Your goal: What is needed is an exact copy of the whole listing below, with no pictures.
Start of Data
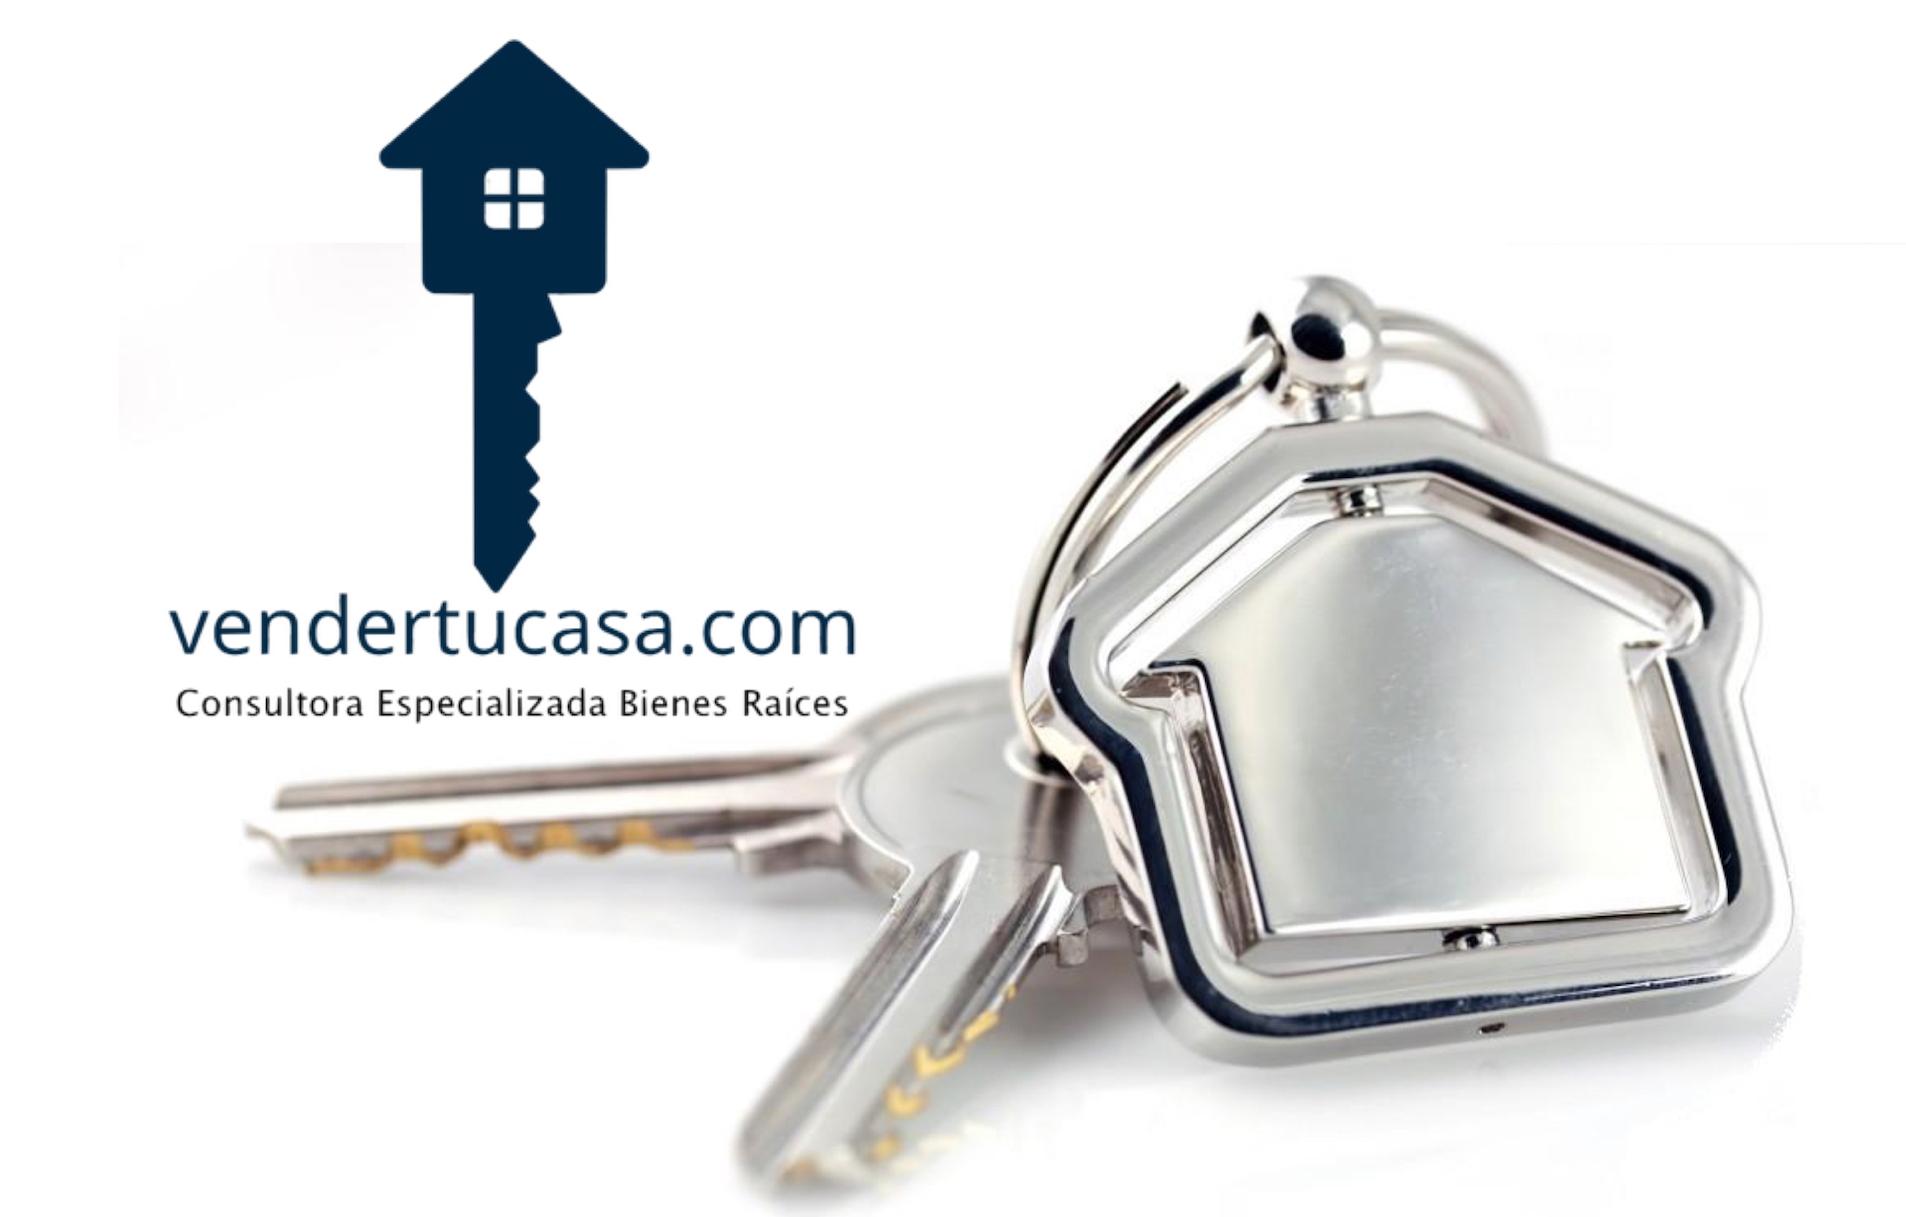 vendertucasa.com
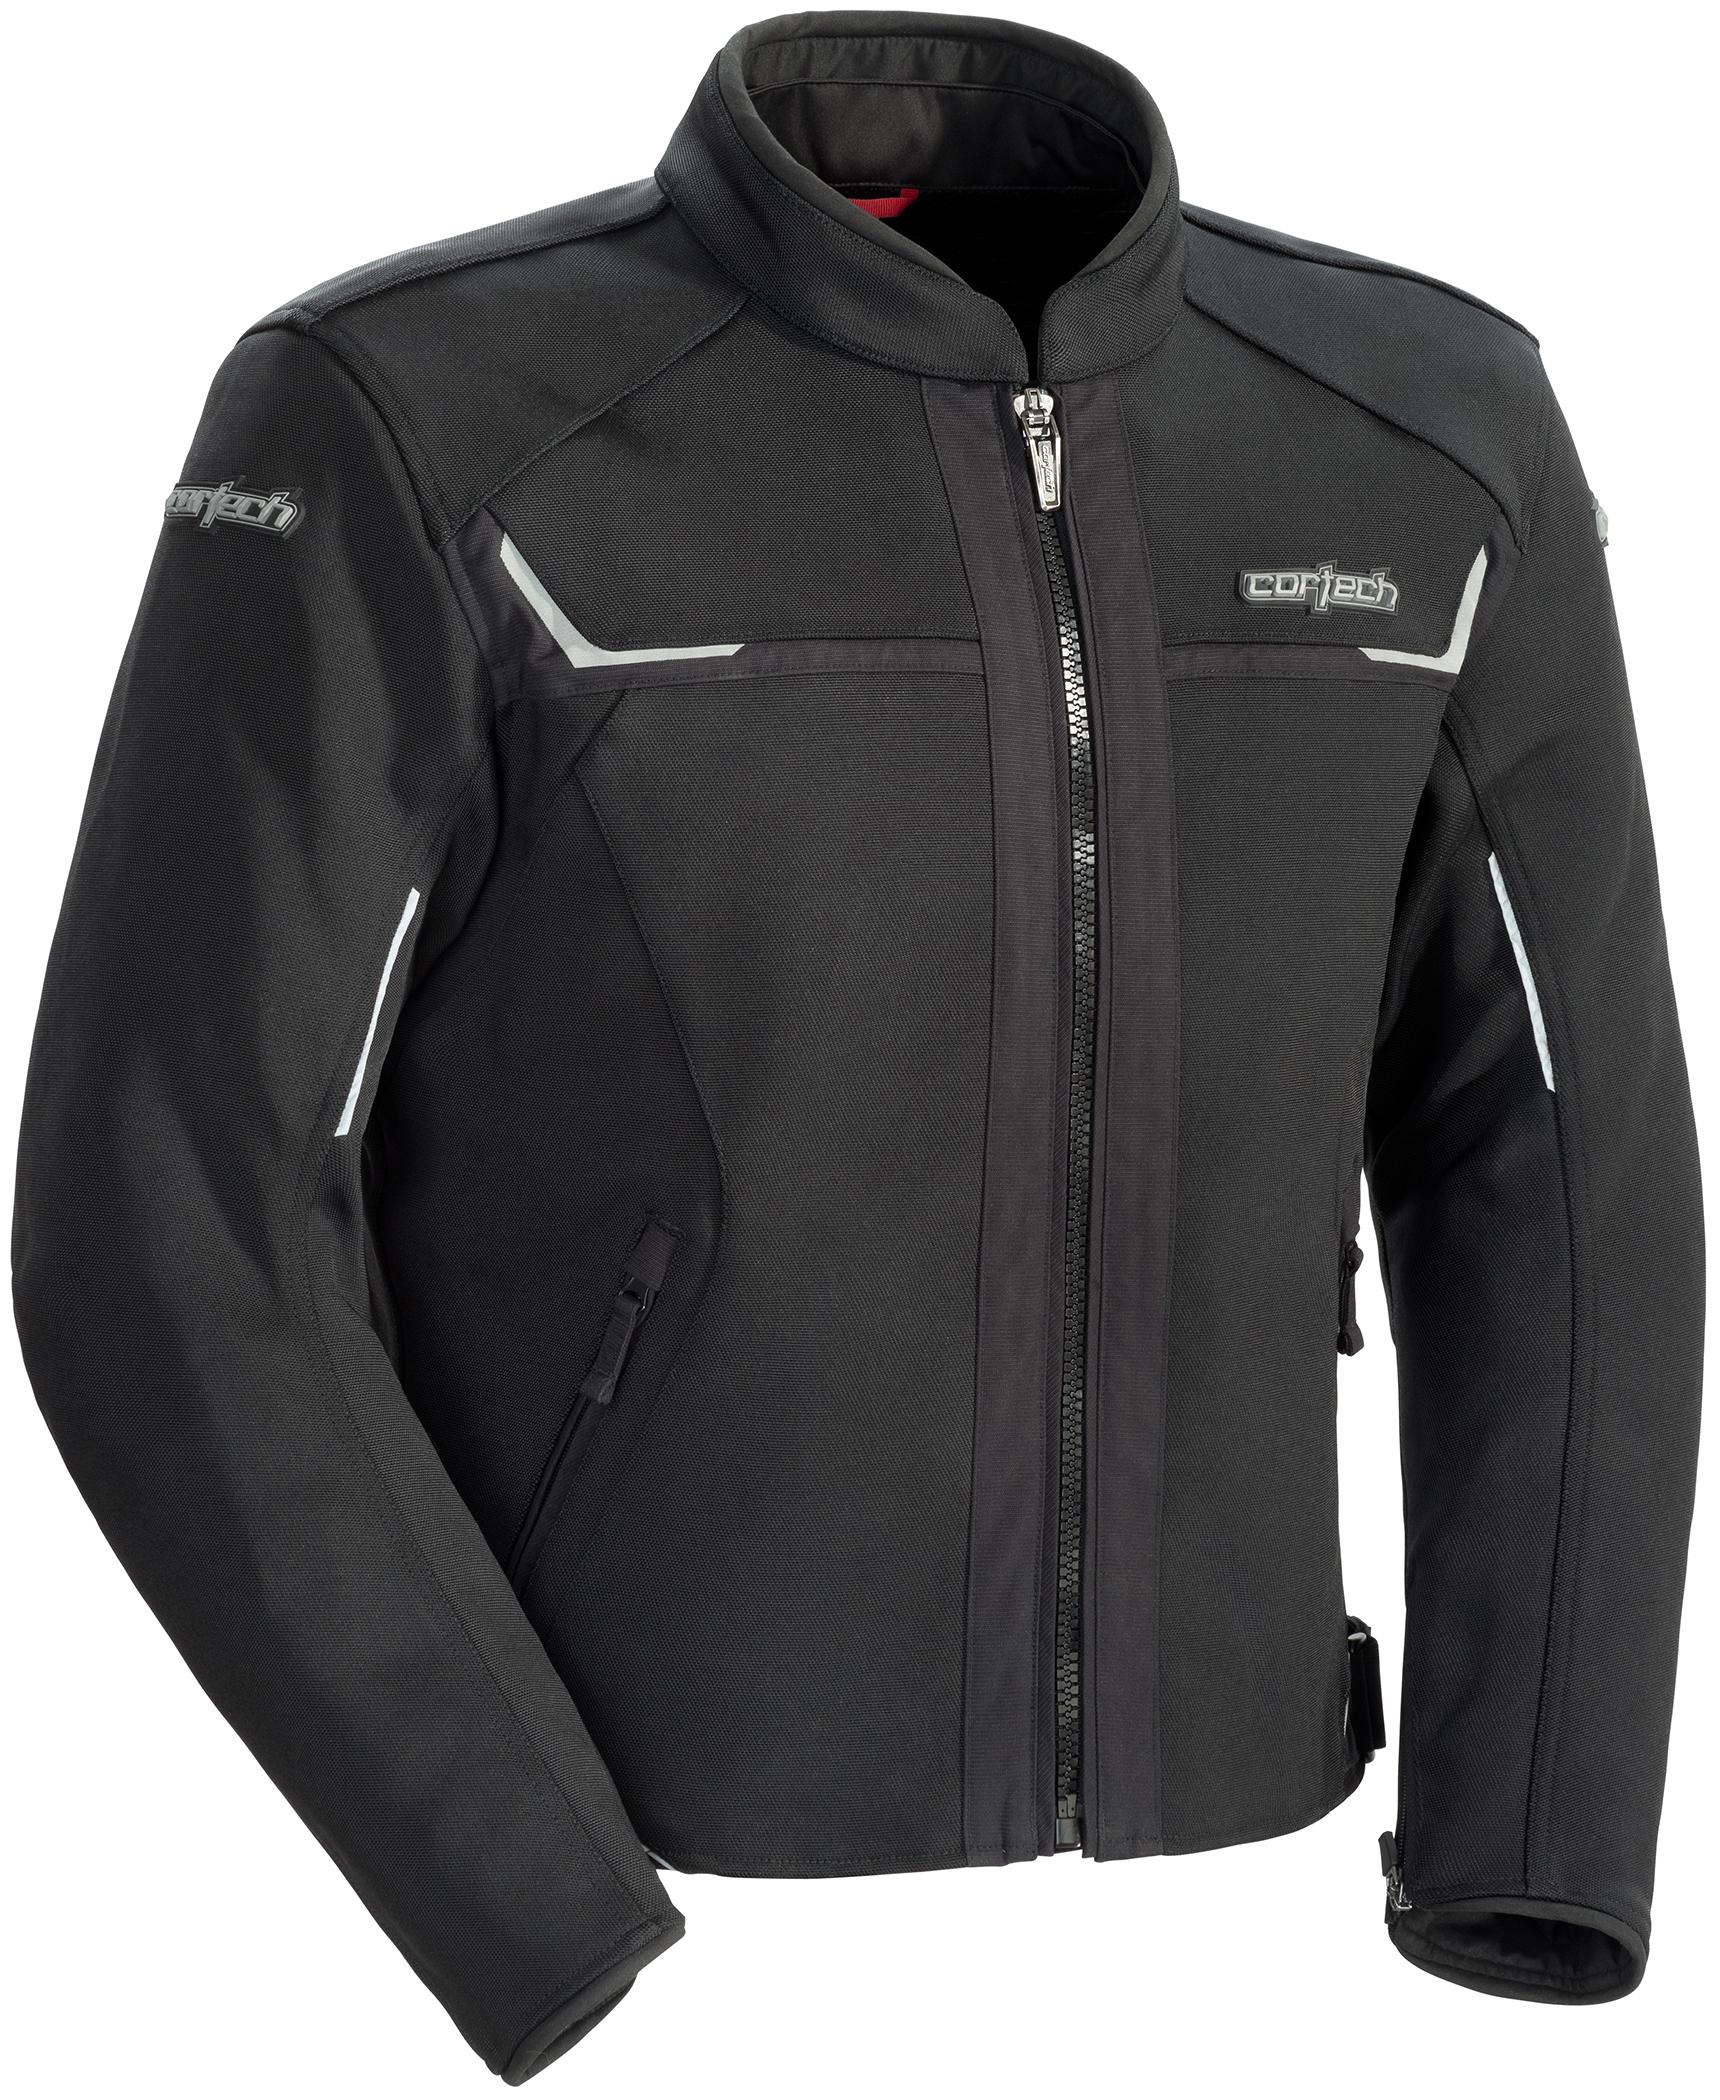 Fusion Jacket
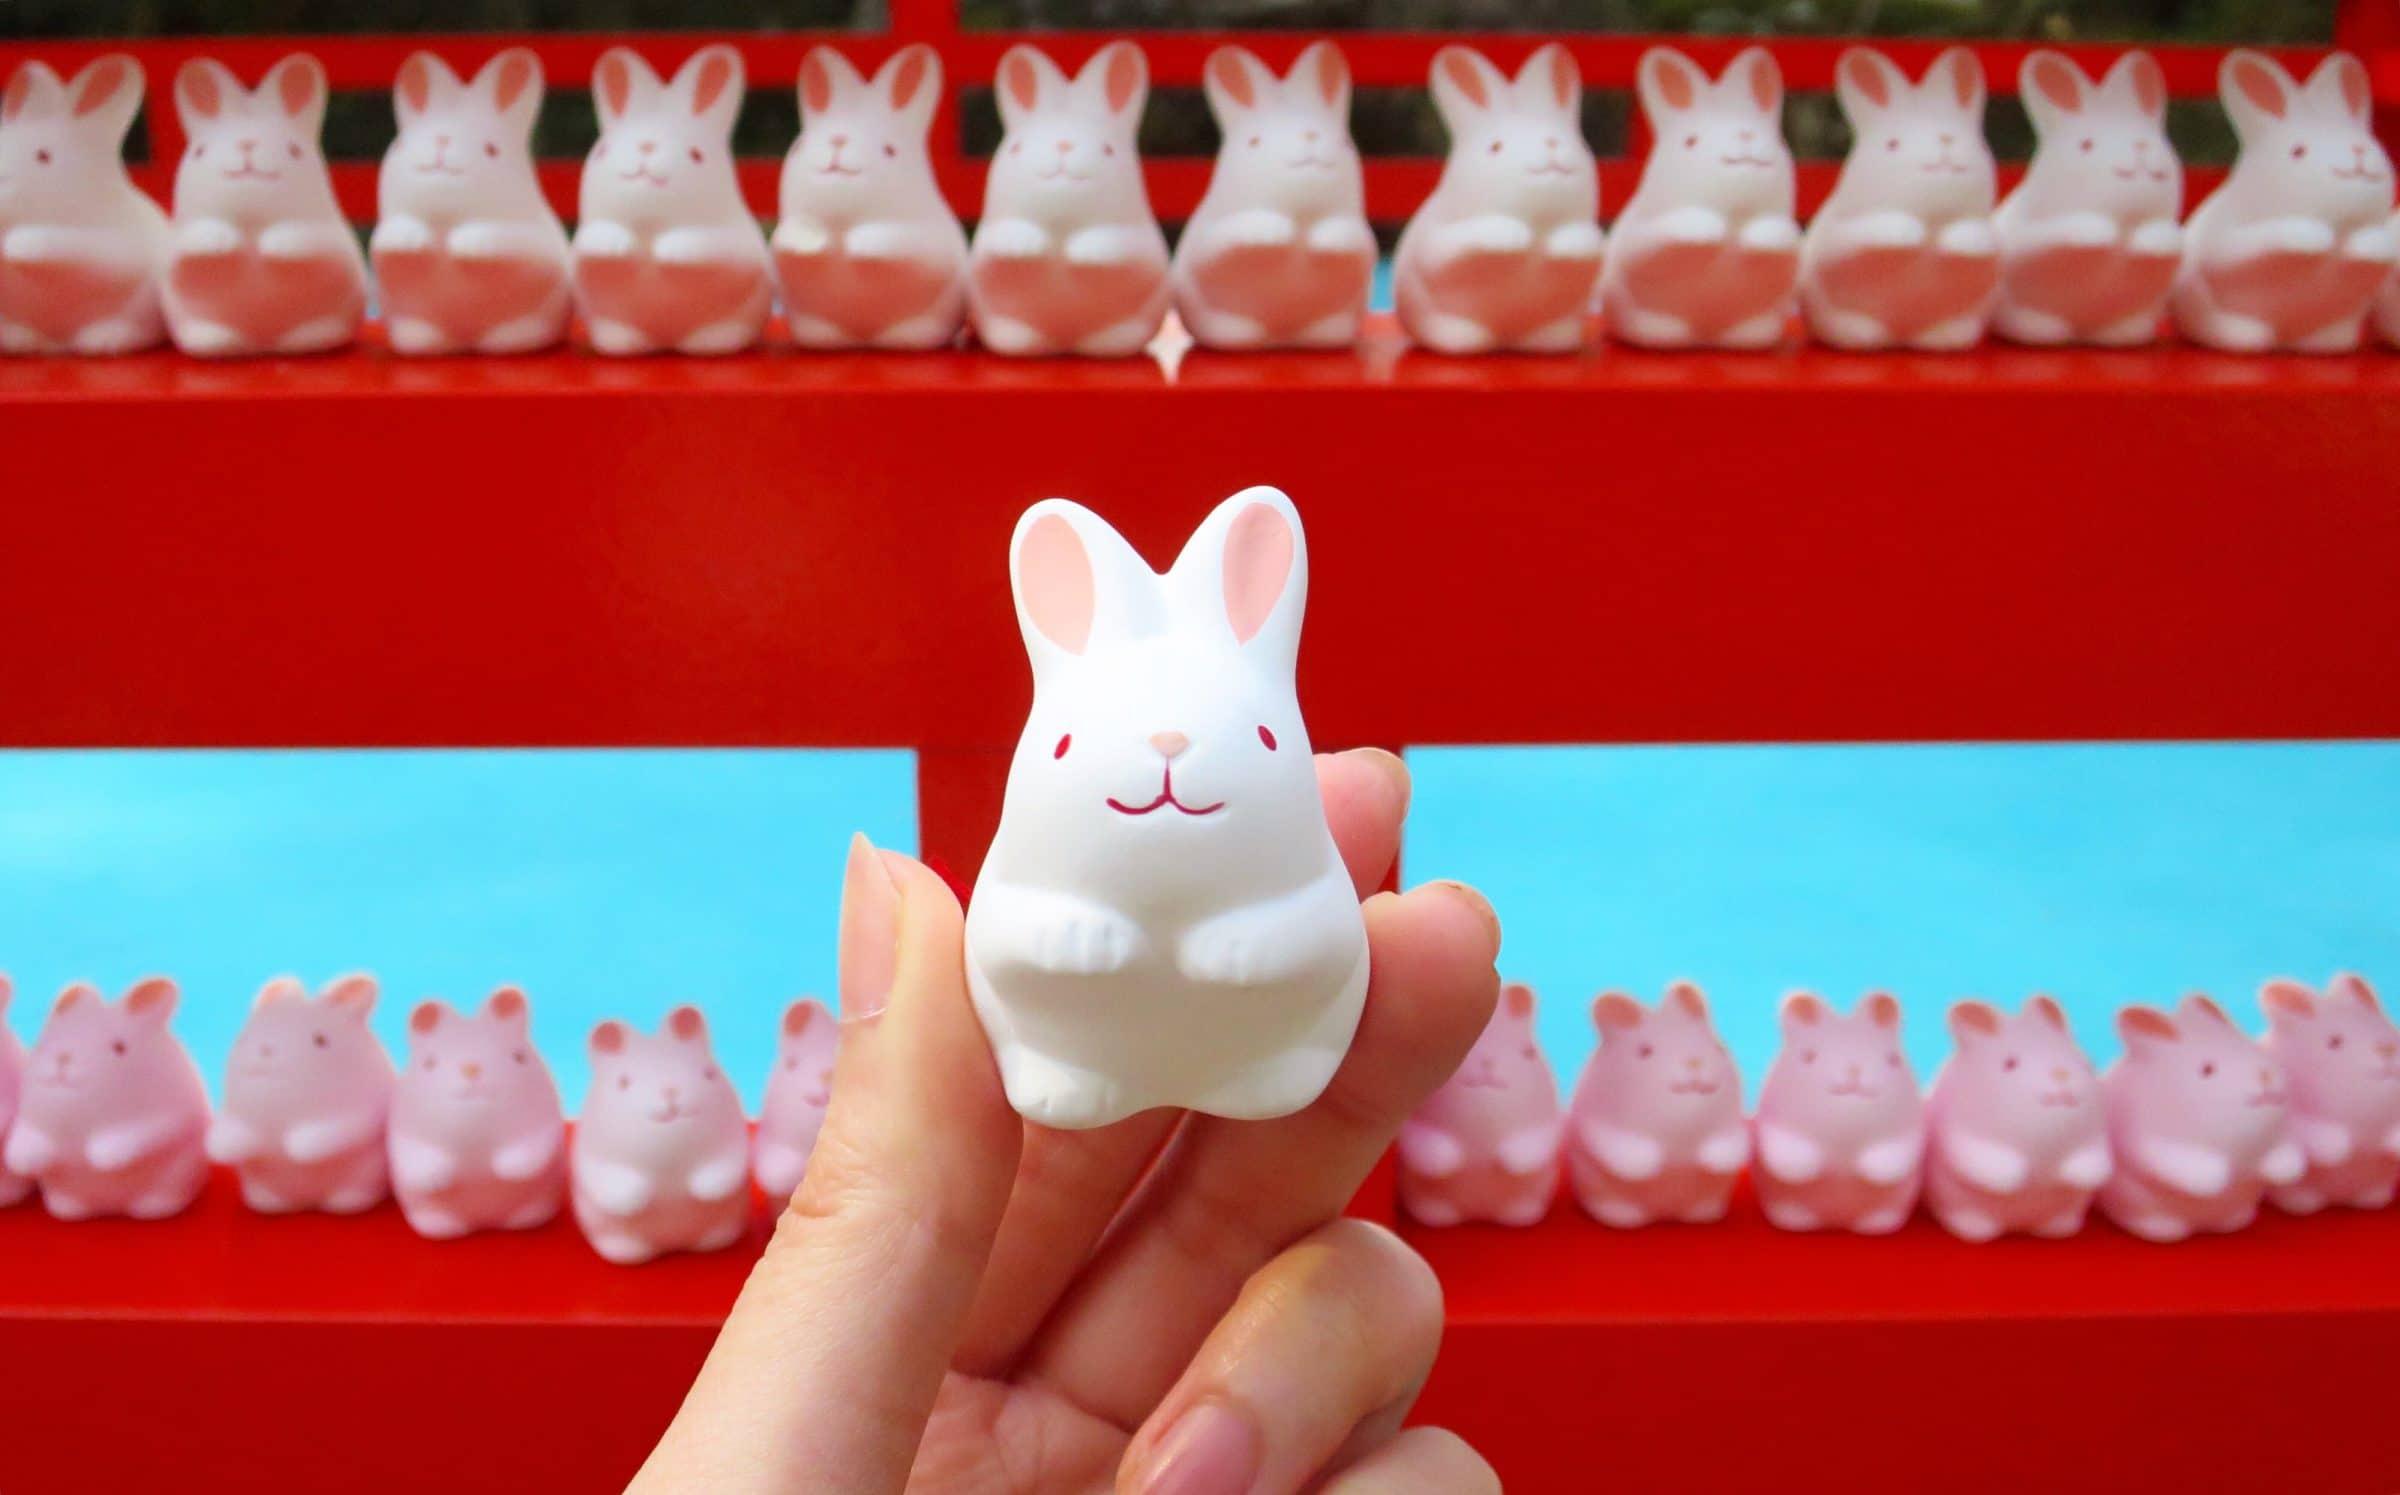 【京都景點】兔兔迷必訪!京都岡崎神社兔子御守
End of Data
Answer below:
 vendertucasa.com
 Fusion Jacket
 【京都景點】兔兔迷必訪!京都岡崎神社兔子御守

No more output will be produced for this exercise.